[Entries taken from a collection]
⁂
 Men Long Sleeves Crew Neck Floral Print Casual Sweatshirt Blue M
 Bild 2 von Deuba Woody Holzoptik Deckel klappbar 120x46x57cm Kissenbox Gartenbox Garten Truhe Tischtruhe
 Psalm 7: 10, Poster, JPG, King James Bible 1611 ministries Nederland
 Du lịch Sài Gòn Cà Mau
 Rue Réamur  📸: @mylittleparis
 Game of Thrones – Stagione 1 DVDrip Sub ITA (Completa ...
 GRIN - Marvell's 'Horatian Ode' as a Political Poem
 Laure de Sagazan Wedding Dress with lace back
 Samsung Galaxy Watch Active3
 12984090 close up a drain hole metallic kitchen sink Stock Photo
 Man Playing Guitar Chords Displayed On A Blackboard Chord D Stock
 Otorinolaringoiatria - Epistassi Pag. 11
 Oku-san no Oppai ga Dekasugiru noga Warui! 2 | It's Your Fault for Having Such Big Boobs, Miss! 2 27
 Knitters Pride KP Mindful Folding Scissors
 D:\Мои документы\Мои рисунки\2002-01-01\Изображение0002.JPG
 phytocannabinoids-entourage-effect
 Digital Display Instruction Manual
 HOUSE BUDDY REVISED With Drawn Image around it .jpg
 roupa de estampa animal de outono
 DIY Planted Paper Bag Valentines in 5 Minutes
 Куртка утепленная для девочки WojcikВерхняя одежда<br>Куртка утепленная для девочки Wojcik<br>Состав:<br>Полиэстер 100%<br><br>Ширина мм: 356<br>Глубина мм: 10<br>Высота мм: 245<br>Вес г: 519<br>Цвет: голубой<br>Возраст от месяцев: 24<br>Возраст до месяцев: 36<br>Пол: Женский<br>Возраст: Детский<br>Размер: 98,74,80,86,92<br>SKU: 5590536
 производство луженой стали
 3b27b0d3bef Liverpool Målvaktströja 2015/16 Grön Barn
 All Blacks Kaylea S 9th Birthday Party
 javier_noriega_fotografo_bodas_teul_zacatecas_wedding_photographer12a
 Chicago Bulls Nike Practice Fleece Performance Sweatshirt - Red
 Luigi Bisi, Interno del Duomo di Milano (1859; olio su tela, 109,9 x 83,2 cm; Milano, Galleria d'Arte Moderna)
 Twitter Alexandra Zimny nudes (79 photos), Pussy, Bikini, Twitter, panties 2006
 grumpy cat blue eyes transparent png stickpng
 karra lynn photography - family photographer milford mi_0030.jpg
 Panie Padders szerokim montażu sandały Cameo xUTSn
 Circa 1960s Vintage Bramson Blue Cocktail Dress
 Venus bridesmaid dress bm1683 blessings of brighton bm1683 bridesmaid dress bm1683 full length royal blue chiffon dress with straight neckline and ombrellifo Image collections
⁂
- **YOUR OBJECTIVE**
Set down the records above once more, exactly as given.

- **WORKED SOLUTION**
 Men Long Sleeves Crew Neck Floral Print Casual Sweatshirt Blue M
 Bild 2 von Deuba Woody Holzoptik Deckel klappbar 120x46x57cm Kissenbox Gartenbox Garten Truhe Tischtruhe
 Psalm 7: 10, Poster, JPG, King James Bible 1611 ministries Nederland
 Du lịch Sài Gòn Cà Mau
 Rue Réamur  📸: @mylittleparis
 Game of Thrones – Stagione 1 DVDrip Sub ITA (Completa ...
 GRIN - Marvell's 'Horatian Ode' as a Political Poem
 Laure de Sagazan Wedding Dress with lace back
 Samsung Galaxy Watch Active3
 12984090 close up a drain hole metallic kitchen sink Stock Photo
 Man Playing Guitar Chords Displayed On A Blackboard Chord D Stock
 Otorinolaringoiatria - Epistassi Pag. 11
 Oku-san no Oppai ga Dekasugiru noga Warui! 2 | It's Your Fault for Having Such Big Boobs, Miss! 2 27
 Knitters Pride KP Mindful Folding Scissors
 D:\Мои документы\Мои рисунки\2002-01-01\Изображение0002.JPG
 phytocannabinoids-entourage-effect
 Digital Display Instruction Manual
 HOUSE BUDDY REVISED With Drawn Image around it .jpg
 roupa de estampa animal de outono
 DIY Planted Paper Bag Valentines in 5 Minutes
 Куртка утепленная для девочки WojcikВерхняя одежда<br>Куртка утепленная для девочки Wojcik<br>Состав:<br>Полиэстер 100%<br><br>Ширина мм: 356<br>Глубина мм: 10<br>Высота мм: 245<br>Вес г: 519<br>Цвет: голубой<br>Возраст от месяцев: 24<br>Возраст до месяцев: 36<br>Пол: Женский<br>Возраст: Детский<br>Размер: 98,74,80,86,92<br>SKU: 5590536
 производство луженой стали
 3b27b0d3bef Liverpool Målvaktströja 2015/16 Grön Barn
 All Blacks Kaylea S 9th Birthday Party
 javier_noriega_fotografo_bodas_teul_zacatecas_wedding_photographer12a
 Chicago Bulls Nike Practice Fleece Performance Sweatshirt - Red
 Luigi Bisi, Interno del Duomo di Milano (1859; olio su tela, 109,9 x 83,2 cm; Milano, Galleria d'Arte Moderna)
 Twitter Alexandra Zimny nudes (79 photos), Pussy, Bikini, Twitter, panties 2006
 grumpy cat blue eyes transparent png stickpng
 karra lynn photography - family photographer milford mi_0030.jpg
 Panie Padders szerokim montażu sandały Cameo xUTSn
 Circa 1960s Vintage Bramson Blue Cocktail Dress
 Venus bridesmaid dress bm1683 blessings of brighton bm1683 bridesmaid dress bm1683 full length royal blue chiffon dress with straight neckline and ombrellifo Image collections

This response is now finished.